Referencing the UN Office for the Coordination of Humanitarian Affairs (OCHA), it states that 3.6 million people are in need of humanitarian assistance in Burundi today.
The deteriorating economic situation will be included in the Commission of Inquiry’s final report to the Human Rights Council in September.
I do not believe the reports that President Pierre Nkurunziza will step down in 2020 when his “final” third term is ending. As he has already rewritten the Constitution, gotten a favorable verdict in the Constitutional Court to run in 2015 and has reason to step down. As he has consolidated all powers among himself and his closest allies. Even build a youth brigade together with police, military and agents of the government oppress, detain and kill opposition activists and leaders. Therefore, he has no reason to step down. If so, what will he become if he steps down?
Will he become a shoeshine boy on the streets of Bujumbura or merchant. Since he has been the merchant of death and destruction. He has used propaganda and misused power. Shouldn’t he be afraid of stepping down? Since he has oppressed, taken total control and gotten rid of everyone standing in his way. Doesn’t he think that someone will have his crimes challenged if he steps down?
Seems like a dream after a 13 years of nightmare. He is supposed to just deliver 15 years of darkness and lack of dim light. I have feeling this isn’t real, other people like he has promised to step down and never did. They have said they would do so if the public wanted it. However, they have lingered for decades upon decades. Rigged elections, used the military as his power-tool to put the people into submission. Also the Imbonerakure to silence his opposition together with the Police. Therefore, he has little reason step down.

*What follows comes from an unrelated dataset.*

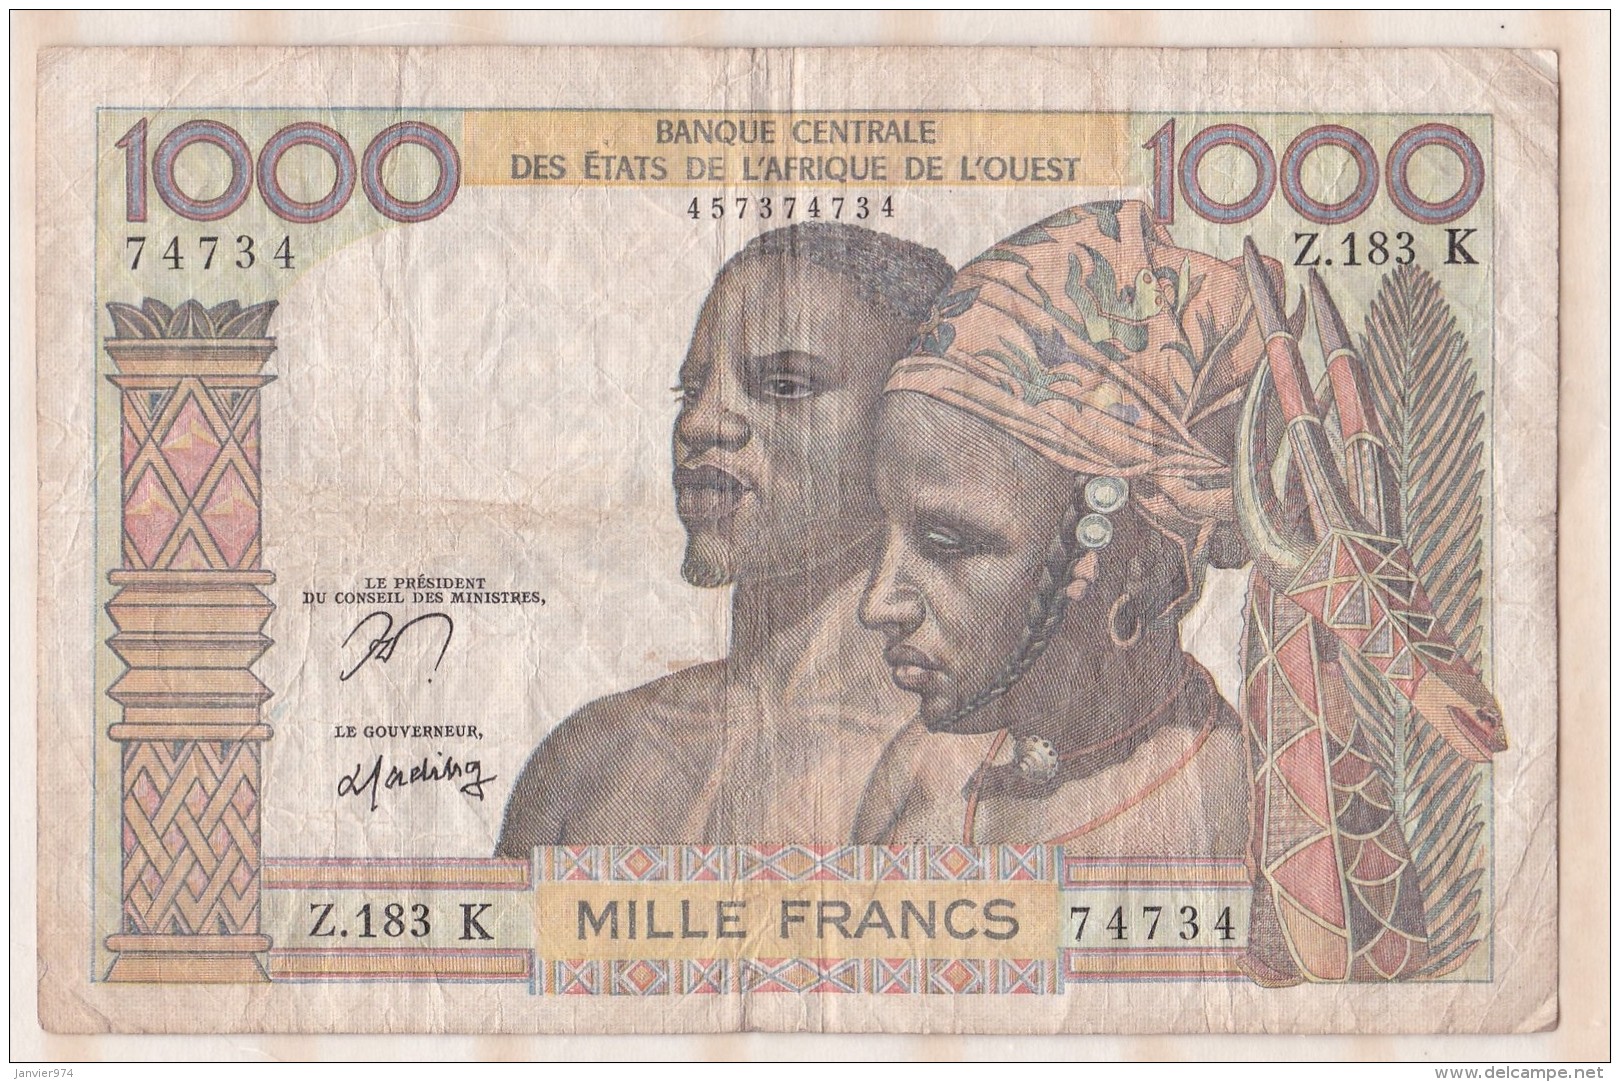 Billet BCEAO  1000 Francs  , Alphabet Z.183 K ,n° 74734 - Westafrikanischer Staaten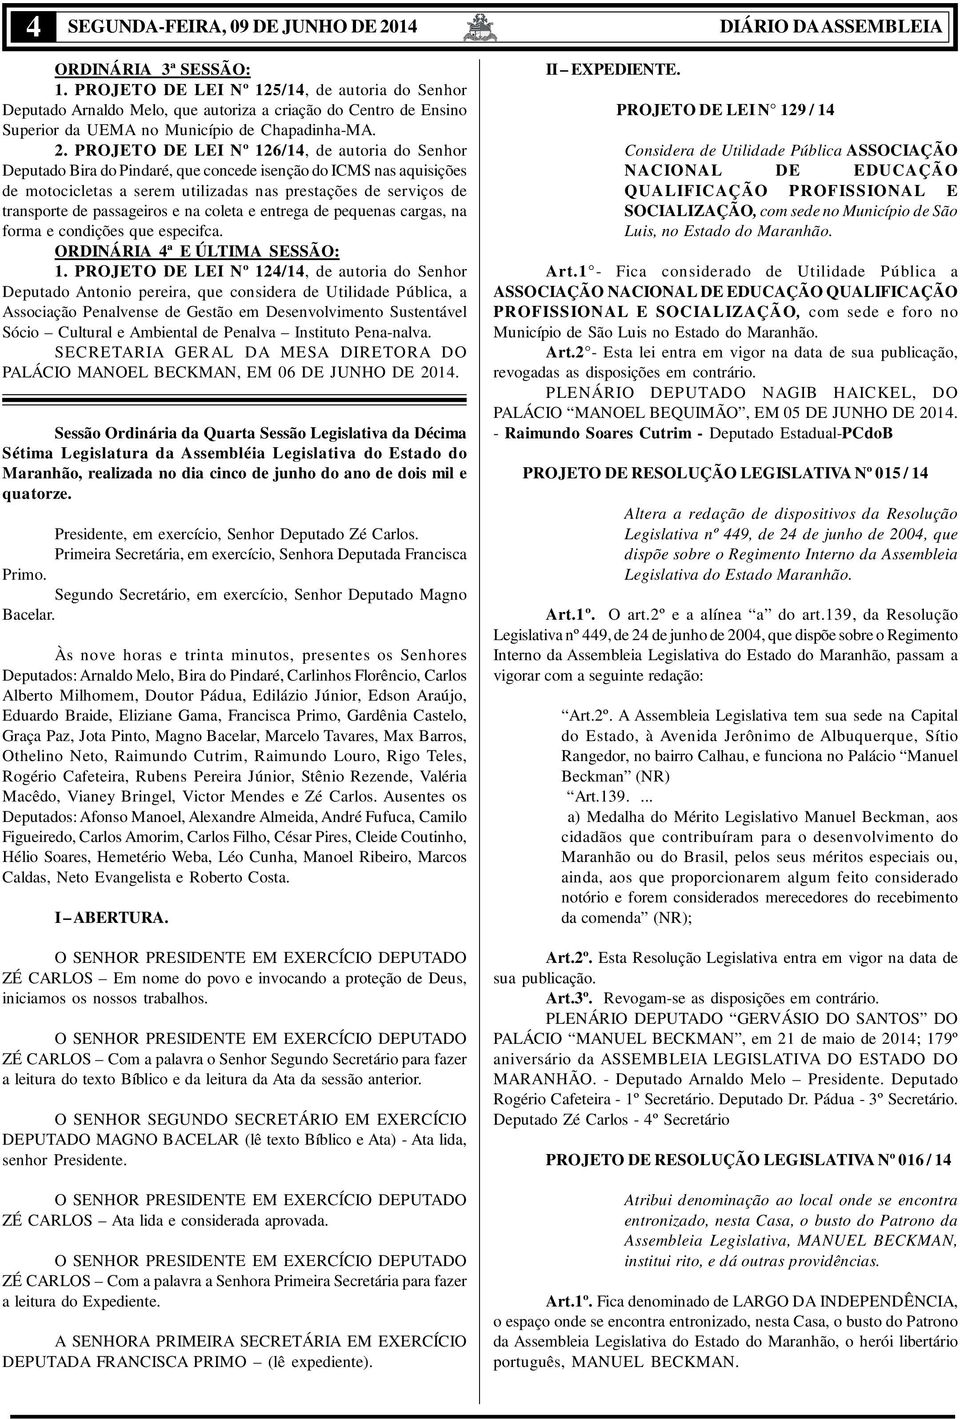 PROJETO DE LEI Nº 126/14, de autoria do Senhor Deputado Bira do Pindaré, que concede isenção do ICMS nas aquisições de motocicletas a serem utilizadas nas prestações de serviços de transporte de

If someone is rewriting the Constitution to fit him, has all powers and should be afraid of prosecution and retribution after all the ills he has done. He would earn little to step down, unless he got a villa near Yahya Jammeh in Equatorial Guinea. That is the place where he should reside and surely President Obiang will give him space, like he offered Mugabe the other day. He want the dictator gathering on the outside of the African Union and no one can blame him for trying hard to do so.
However, Nkurunziza is just doing like many others of his kind. Speaking of stepping down, but never really doing so. He will rewrite and make sure he has the office. As he is using the state and the Republic as his private enterprise. The state party is all built around him and his cult-figure. He is the hero and the one that Burundi needs.
Therefore, I don’t believe the hype. At this speed there is a need for a revolution or a coup to bring him down. It is not like the elections or the CENI is built for anyone else than him. The way things are, everyone in the authorities are his stooges and his paid cronies. There are no one else than him. It is either Pierre or nothing. Peace.